Posted on June 23, 2018 at 2:20 pm

Becca Harrison writes in Prospect about “From Ocean’s 8 to #MeToo: why the gender bias in film criticism matters:”

This week, Hollywood stars and reviewers alike have waded into debates about the gender of film critics.

In a promotional interview for Ocean’s 8, its stars—Mindy Kaling, Cate Blanchett, and Sandra Bullock—suggested that they’d like more women to review their film.

Bullock talked about the need to “balance out the pool of critics” so that it “reflects the world we’re in,” while Kaling said that “often I think there is a critic who will damn it in a way because they don’t understand it, because they come at it at a different point of view.”

Responding to the cast’s view that men might be more dismissive of their film than women, Buzzfeed critic Alison Willmore tweeted that this was “the same argument an angry teen boy uses when telling me why I shouldn’t get to weigh in on Suicide Squad.”

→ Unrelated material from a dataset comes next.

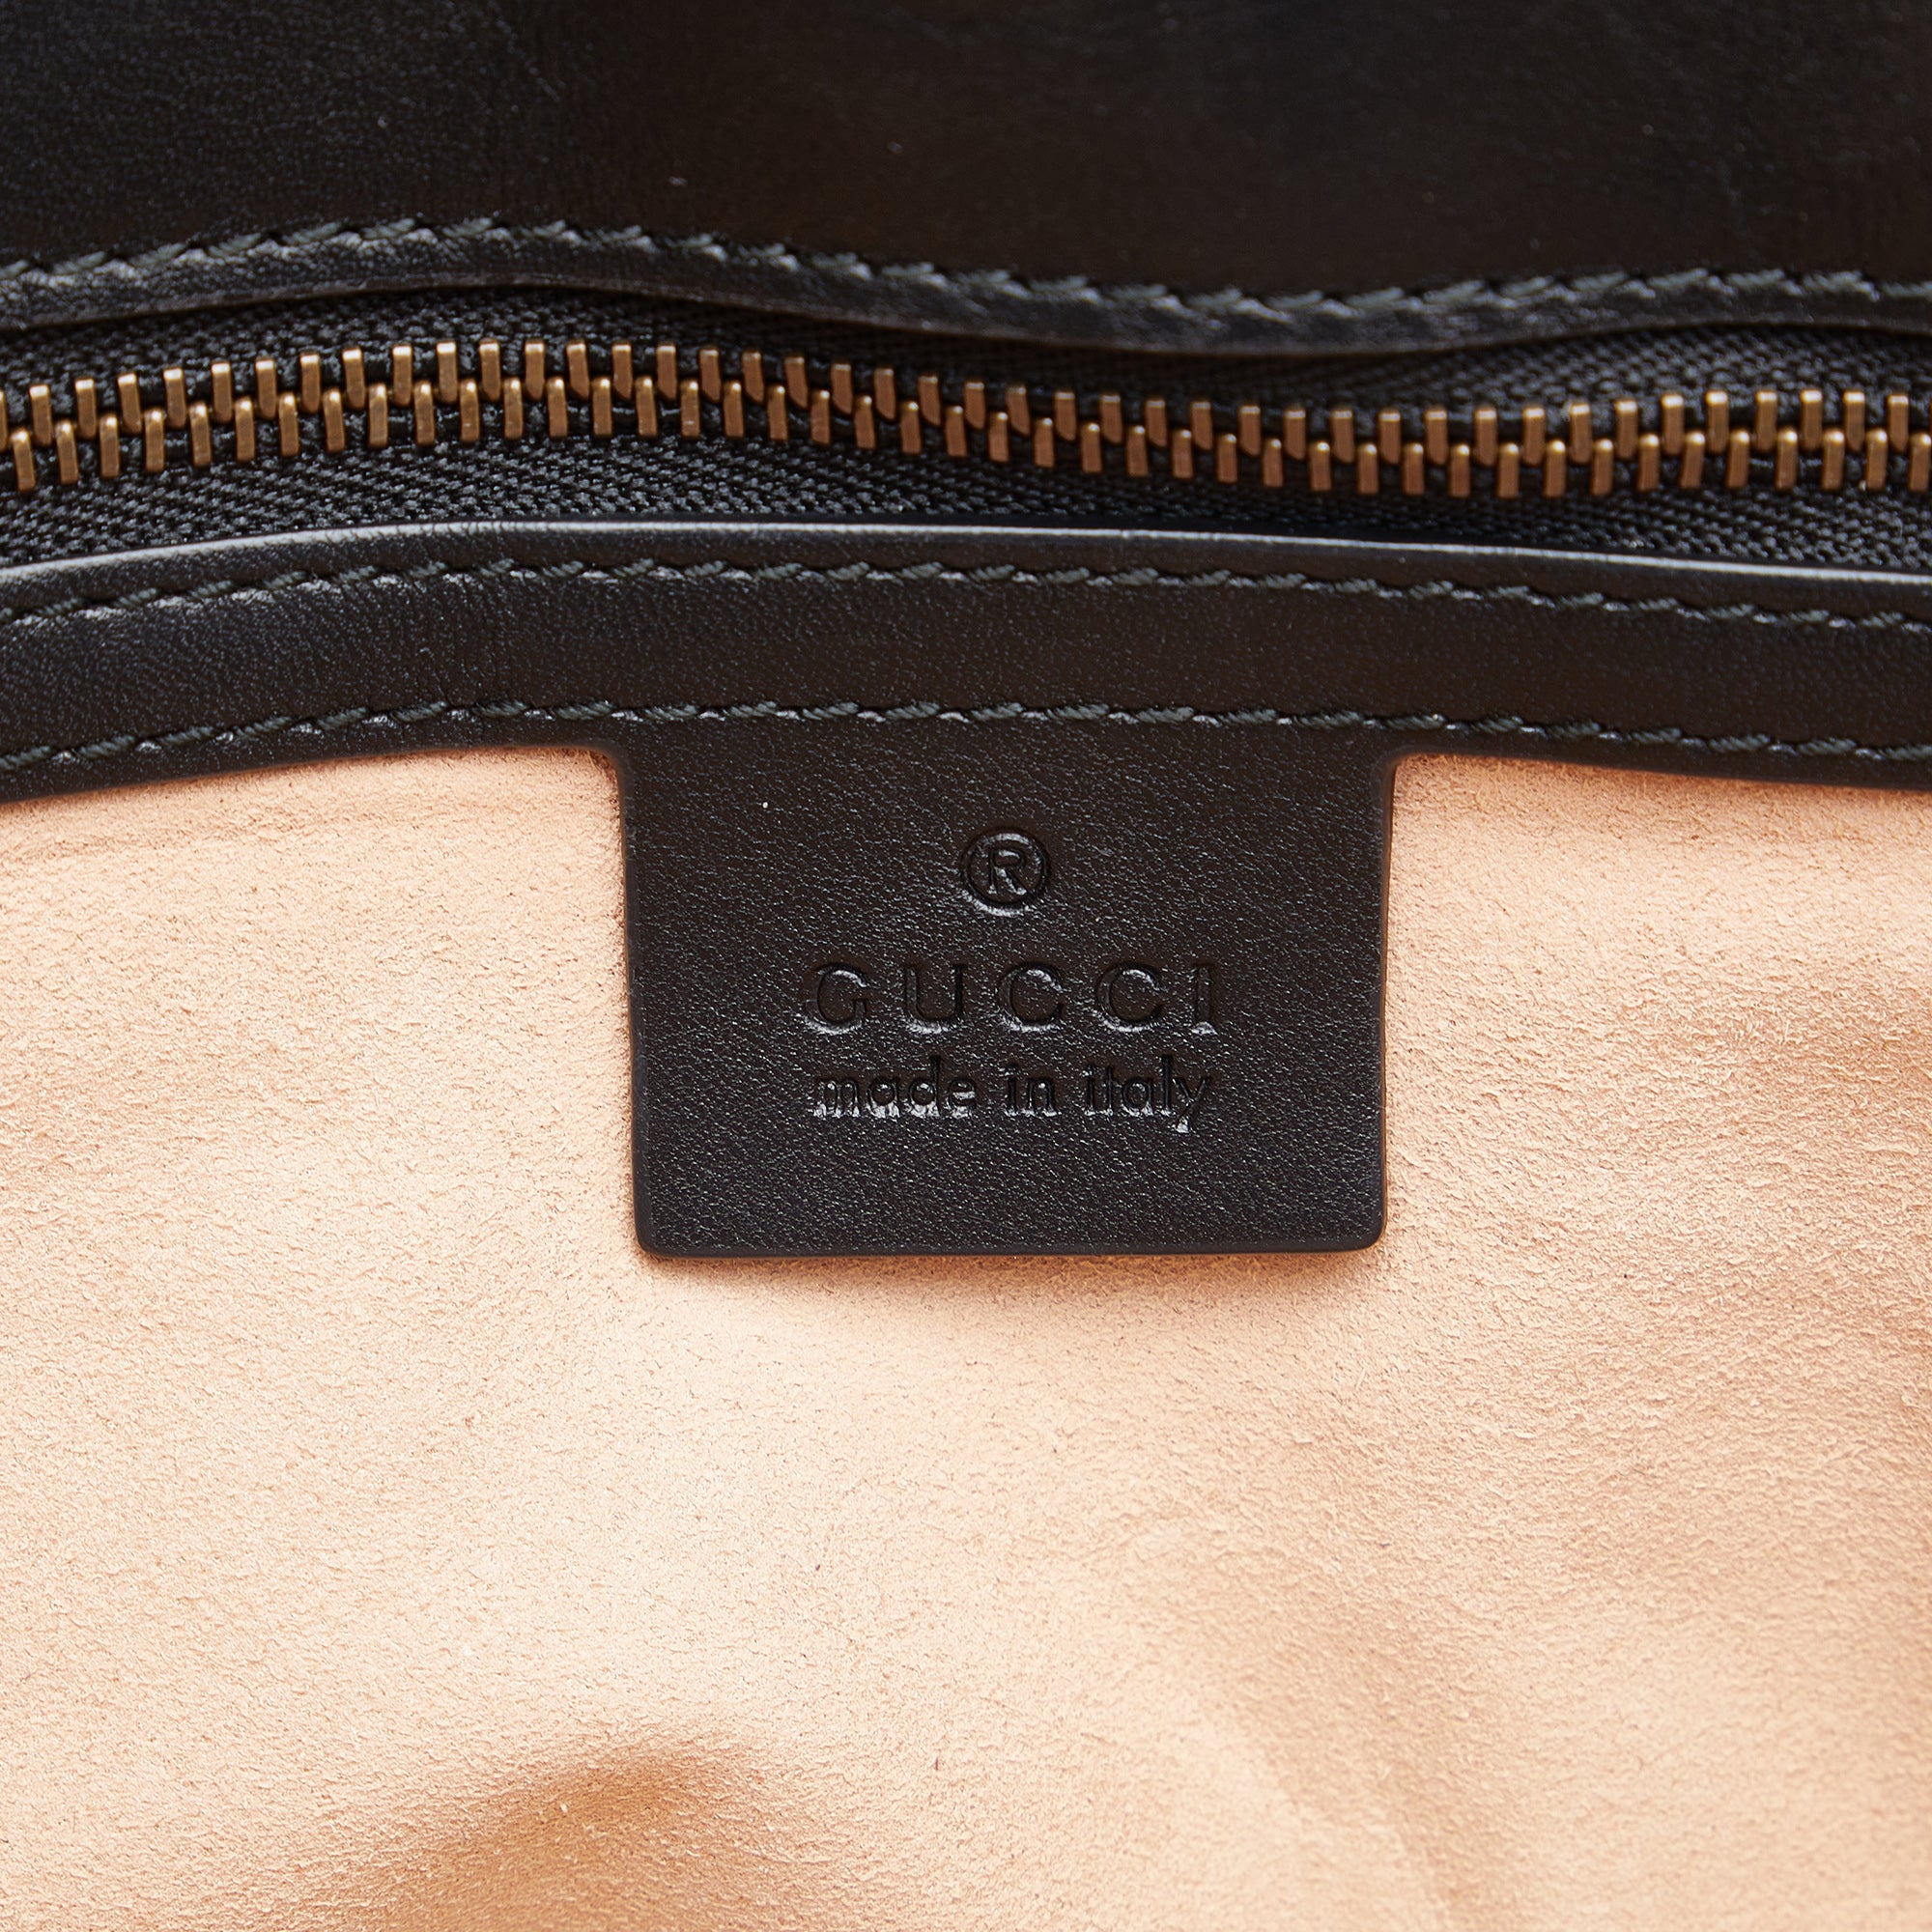 Gucci  Shoulder Bag Black GG Marmont Matelasse Leather

“It’s also an argument whose end point is that there should never be bad reviews, because that just means the critic wasn’t the right audience.”

But Willmore’s argument misses the point. The issue of individual films aside, there is a pressing need for publishers and editors to diversify criticism—and to trust that women and people of colour can write critically about films, even when they are “the right audience.”